Substring operation incorrect in several cases

11 months ago
August 9, 2024
6 replies
70 views

axcel.fme
Contributor
12 replies

Dear all,

I’m spending a lot of time trying to sort out an issue with a substring operation but I cannot see my results are not correct in several places.

In FME workbench 2024.0, I use the the AttributeManager to read a substring from the attribute _response_body and to write it to the attribute info. The response body is the result from a reverse geo-coding with OpenStreetMap and I want to extract the location for the given coordinates.
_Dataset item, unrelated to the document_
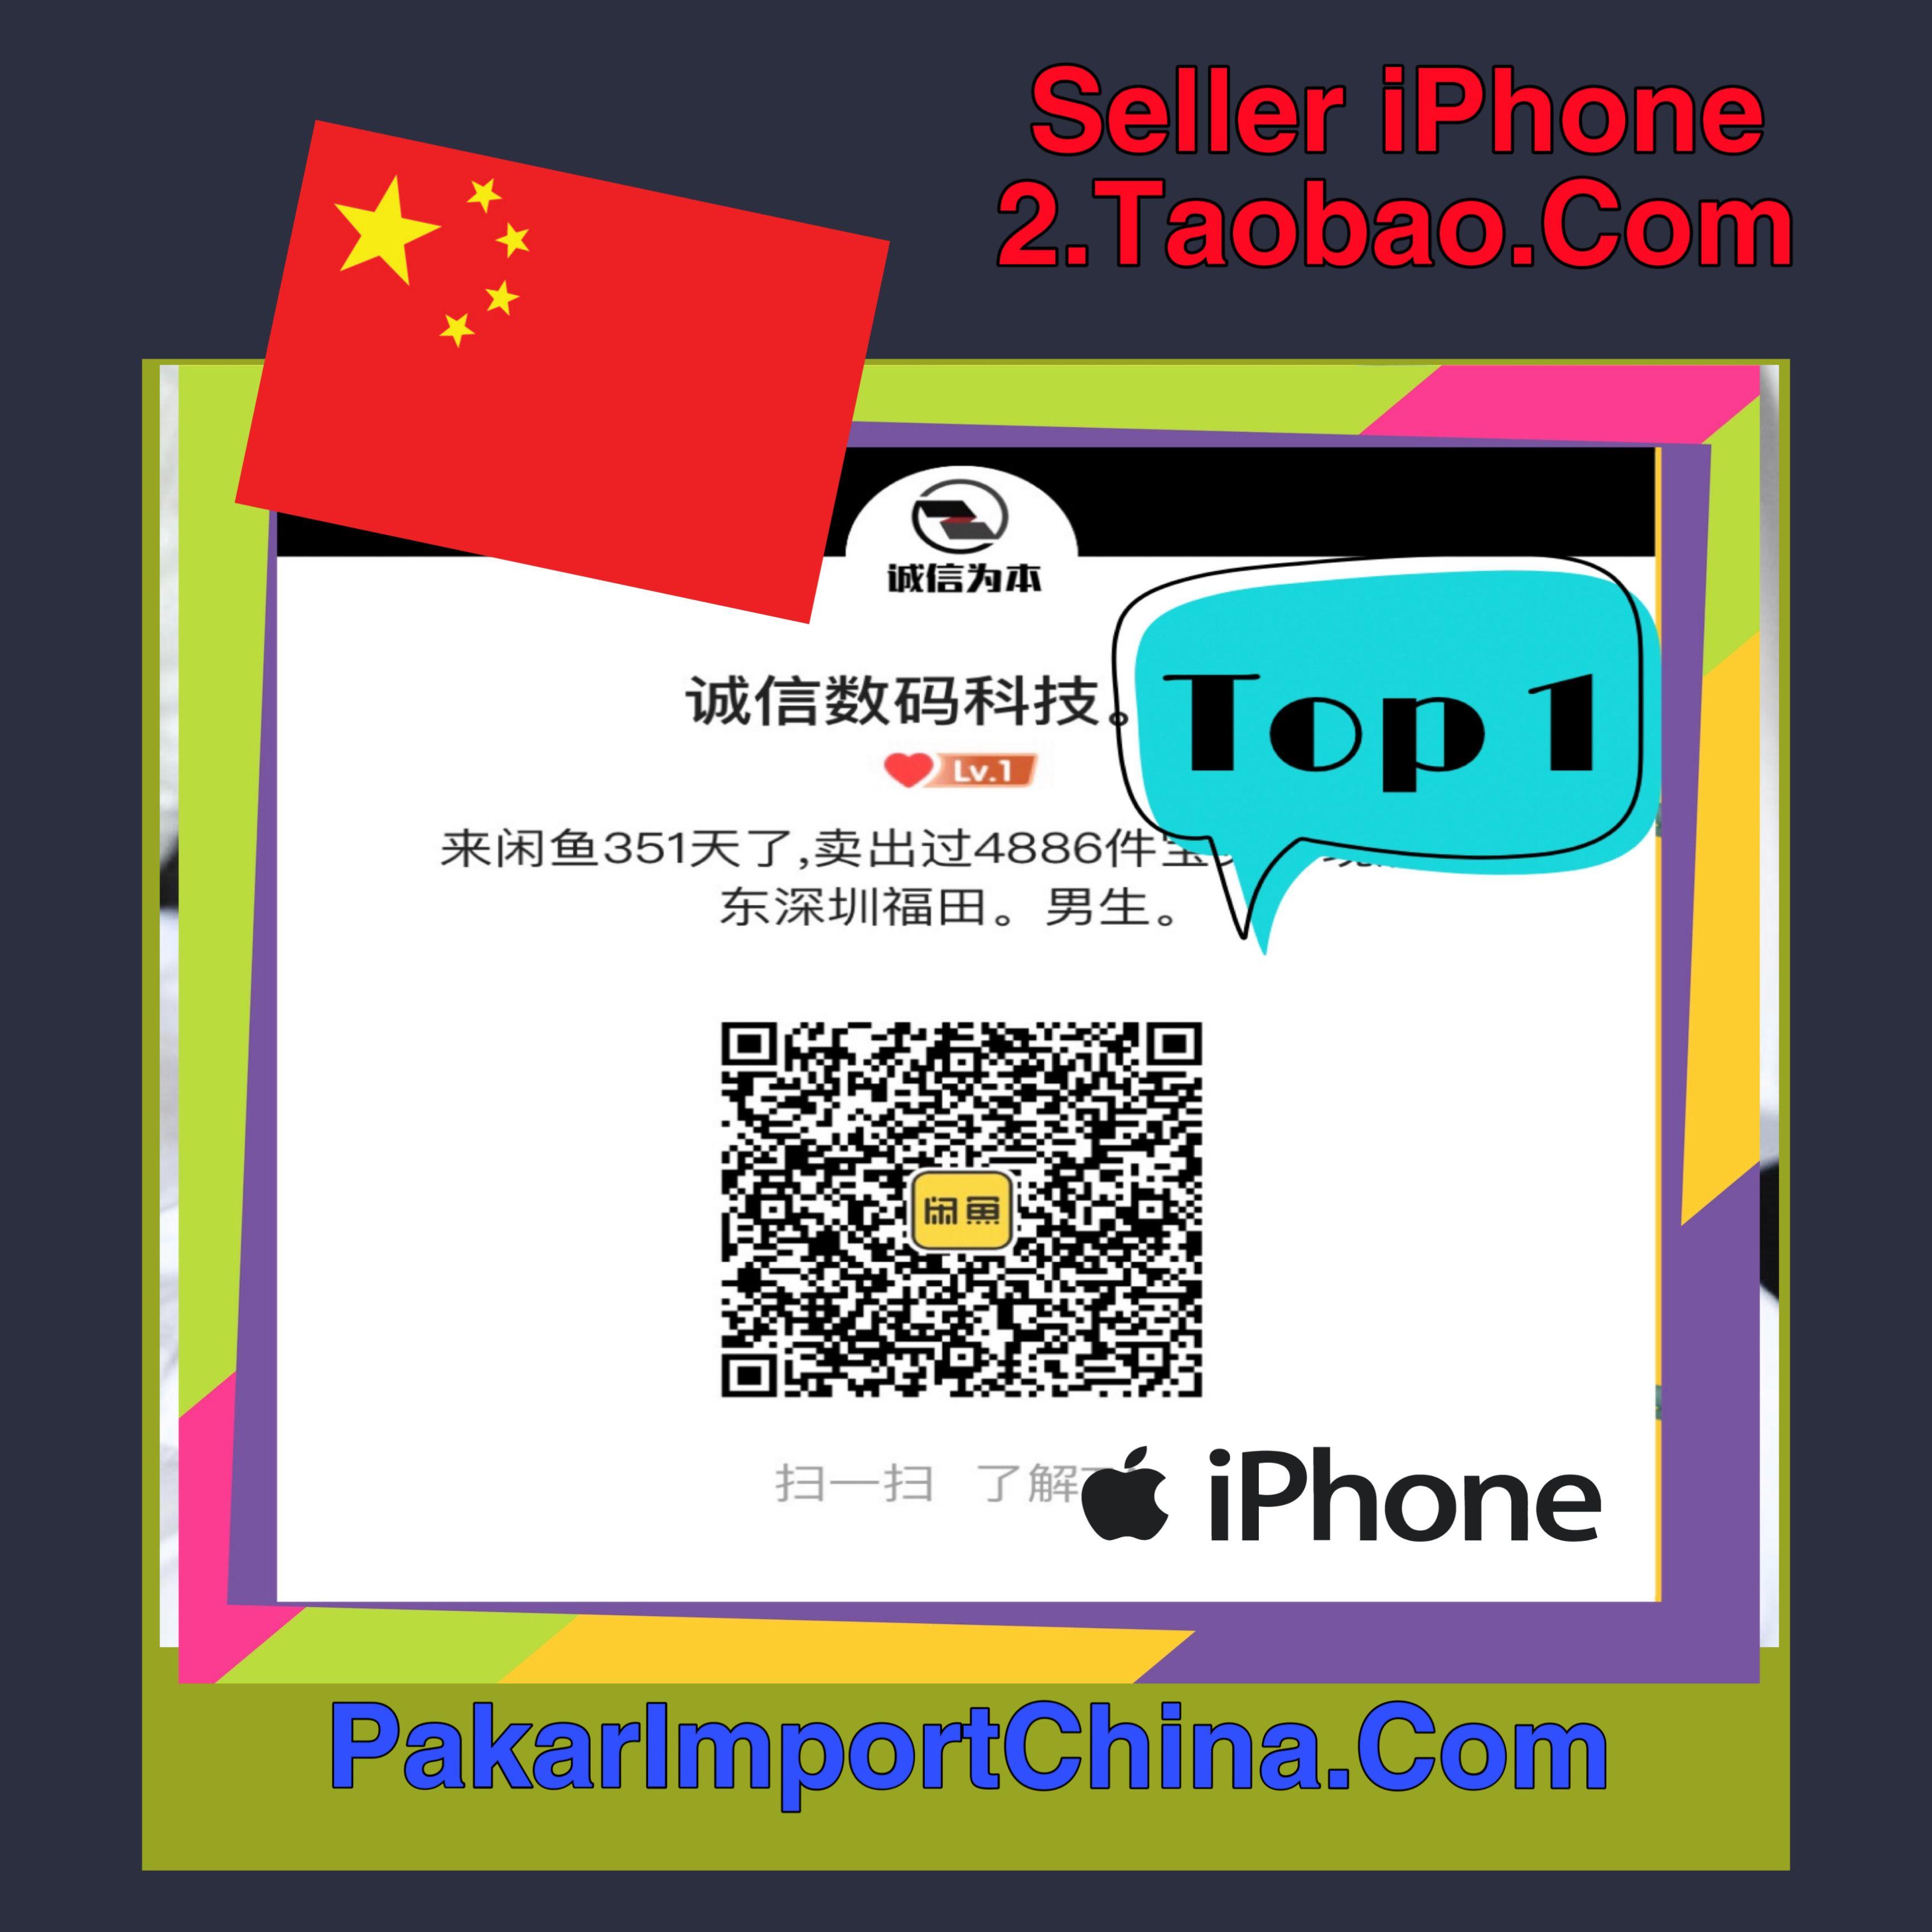 Iphone Supplier List Belajar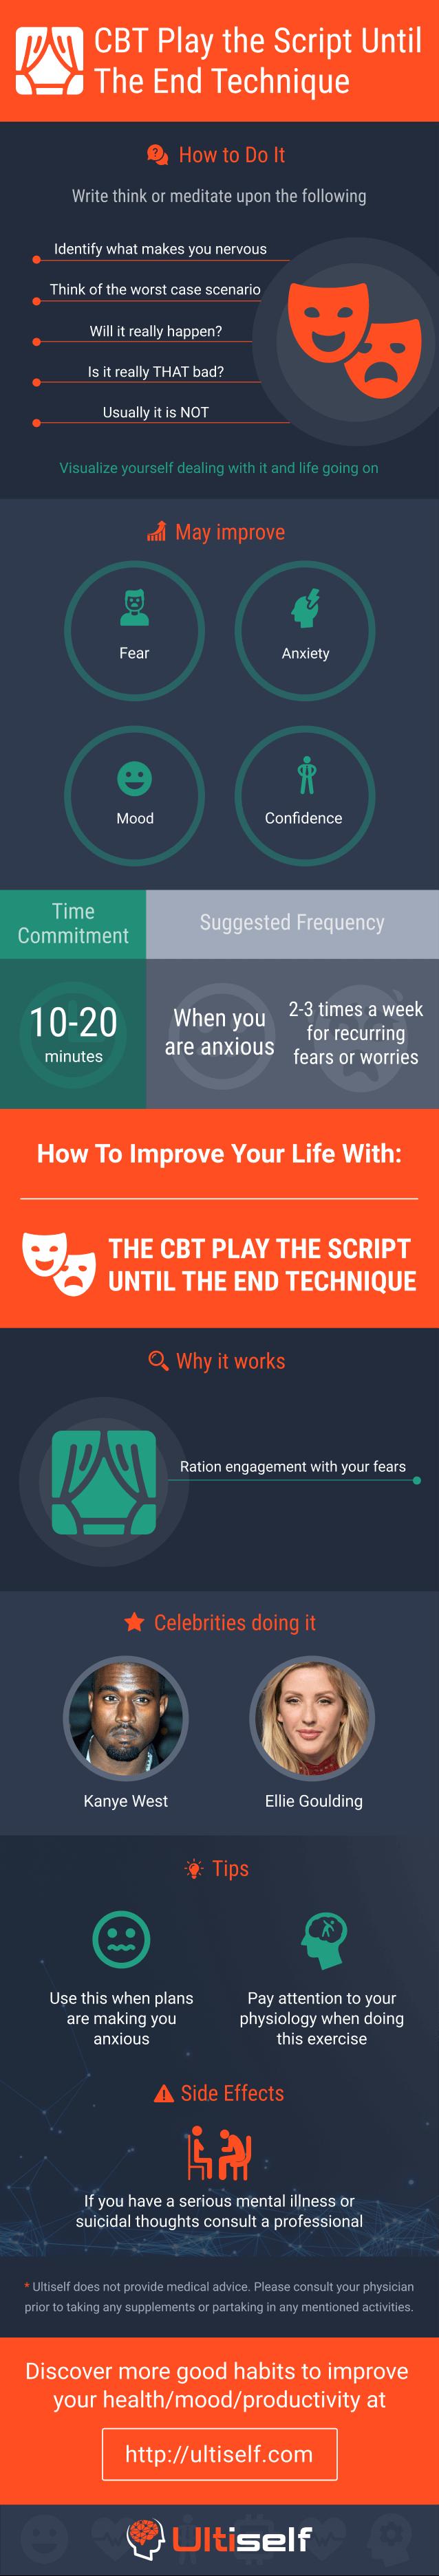 CBT Play the Script Until The end Technique infographic

To extract the relevant part, I use the following sequence of String operators:

1) Take everything left of </result>
2) From this, take everything right of address_rank
3) From this, take everything right of >

The actual (unfortunately complicated) condition statement which I’m using is:

@Right(@Right(@Left(@Value(_response_body),@FindString(@Value(_response_body),</result>)-1),@StringLength(@Left(@Value(_response_body),@FindString(@Value(_response_body),</result>)-1))-@FindString(@Value(_response_body),address_rank)),@StringLength(@Right(@Left(@Value(_response_body),@FindString(@Value(_response_body),</result>)-1),@StringLength(@Left(@Value(_response_body),@FindString(@Value(_response_body),</result>)-1))-@FindString(@Value(_response_body),address_rank)))-@FindString(@Right(@Left(@Value(_response_body),@FindString(@Value(_response_body),</result>)-1),@StringLength(@Left(@Value(_response_body),@FindString(@Value(_response_body),</result>)-1))-@FindString(@Value(_response_body),address_rank)+1),>))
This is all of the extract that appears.